Cocktail made with fermented pumpkin
As the season evolved, they turned to lacto-fermenting pumpkins, which were ready to use after being submerged in a salt brine for approximately two weeks. They were muddled with lemon, shaken with spiced honey, a house-made chai-infused bourbon, cinnamon sugar and egg white and garnished with diced pumpkin and garam masala. Next on the menu are going to be tart and tangy cranberries.
While McClure is hesitant to give up too many of her secrets, especially because the entire process can be quite unpredictable, she admits that not every fruit or vegetable ferments in the same way; variables can lead to unexpected results.
Gin cocktail made with fermented cranberry, amchur and spiced honey
“Peach fermented much differently than pumpkin or squash; sugars and environment can accelerate or slow the process significantly,” she says. It’s much the same way that super ripe wine grapes will ferment at a more rapid rate in a warm Mendoza climate than those with a lower sugar content will do in a cooler Burgundian one.
But regardless of the resulting flavors, McClure can undoubtedly use them in a drink. “Most of the time, when developing a cocktail, I’m trying to mix ingredients to taste a certain way,” she says. “In this instance, I build flavors around what’s already there. I taste with an open mind and let the fermentation guide me.” Often, that means tweaking and tasting daily to make sure the drink is palatable and tasty.
Guests at Chauhan are known to return to experience the changes that have happened in the drink since the last time they ordered it, which is why the program is such a success.
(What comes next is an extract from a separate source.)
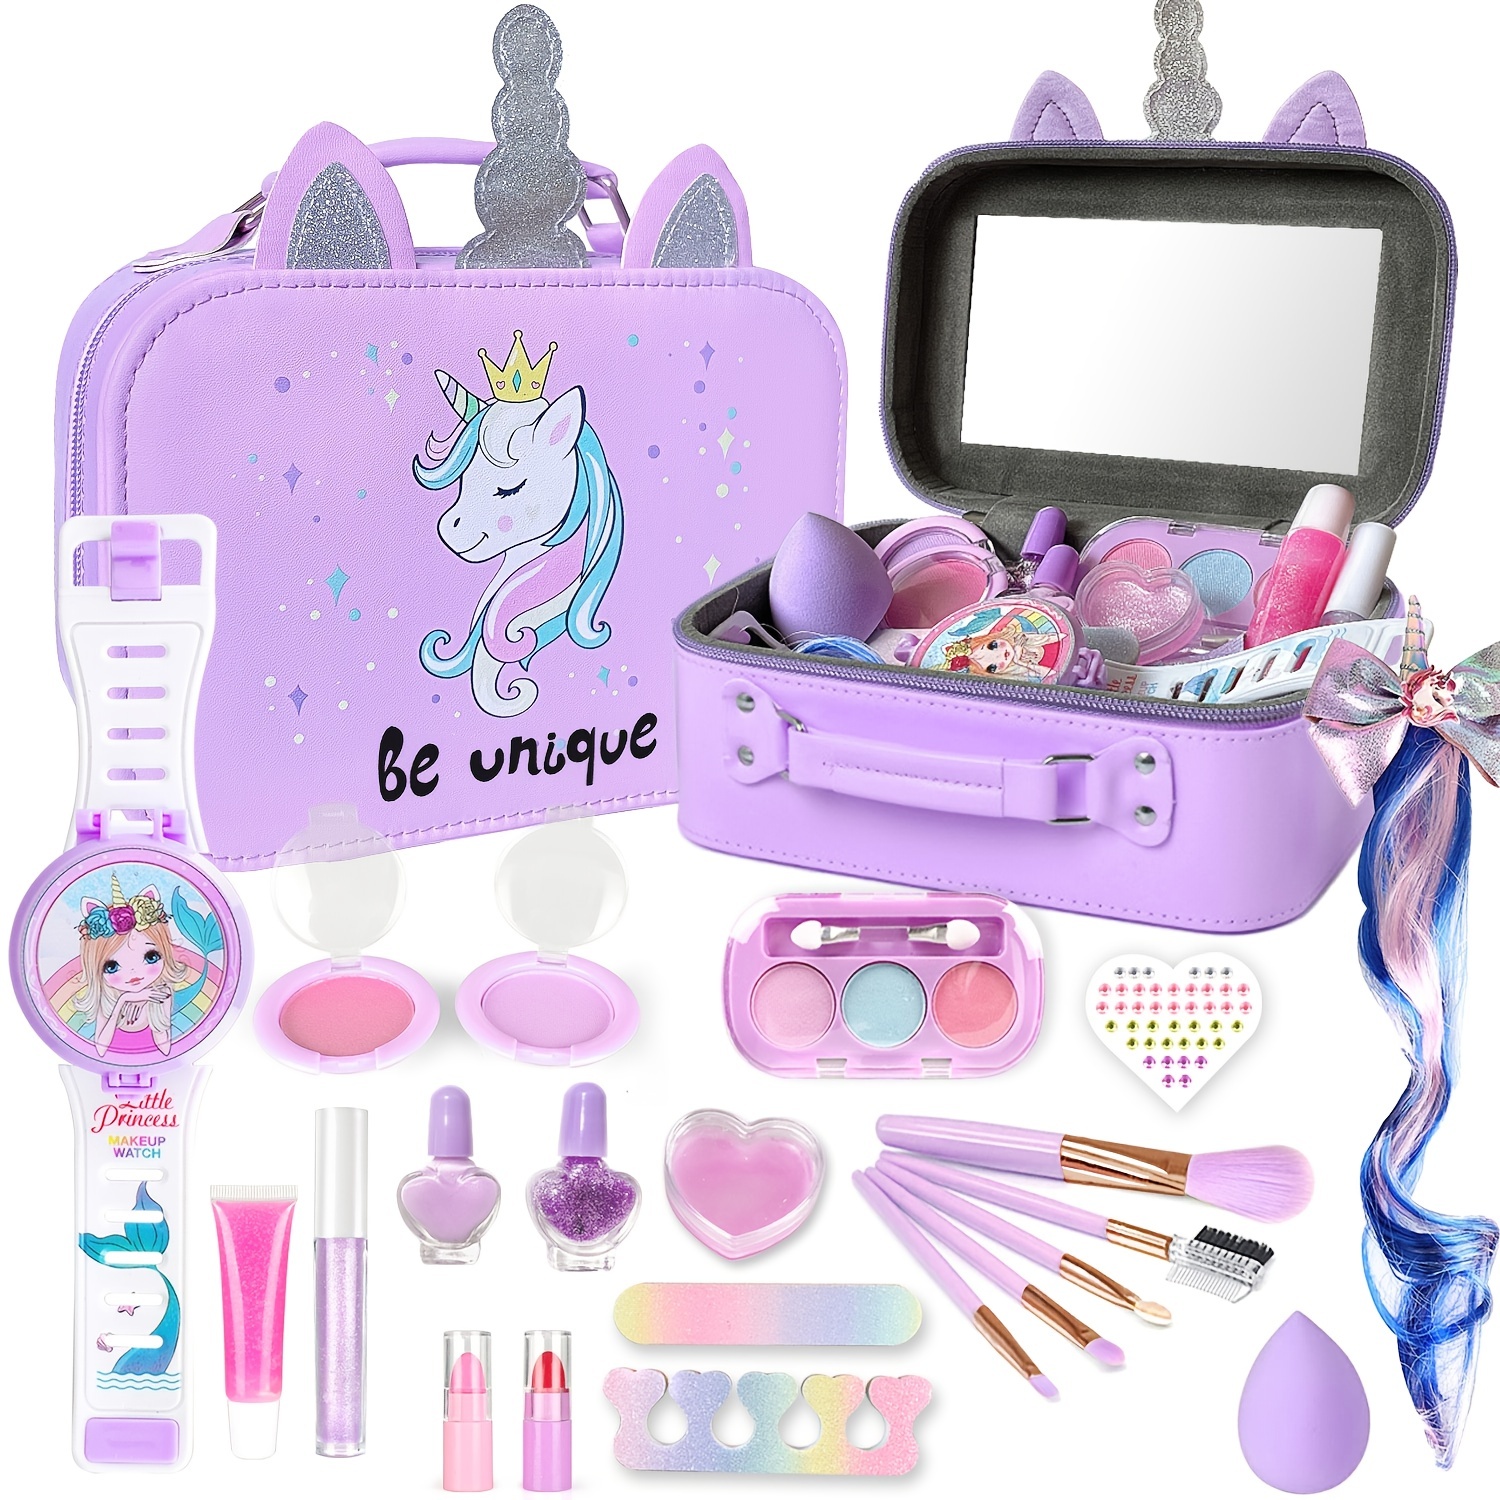 Kids Real Makeup Kit For Little Girls: With Unicorn Bag - Real, Non Toxic,  Washable Make Up Toy - Gift For Toddler Young Children Pretend Play Set  Vanity For Ages 3 4

So with kombucha, kimchi and other fermented things being touted for their digestive and other health benefits, are these drinks good for you?
McClure says fermentation has been used for millennia for its healing and health benefits, but for her, it’s more about offering up a unique and enjoyable cocktail. “It’s a variable experience that will engage our guests and give them a front seat on this wild ride,” she says. “What a perfect metaphor for life—constantly changing and taking surprising turns.”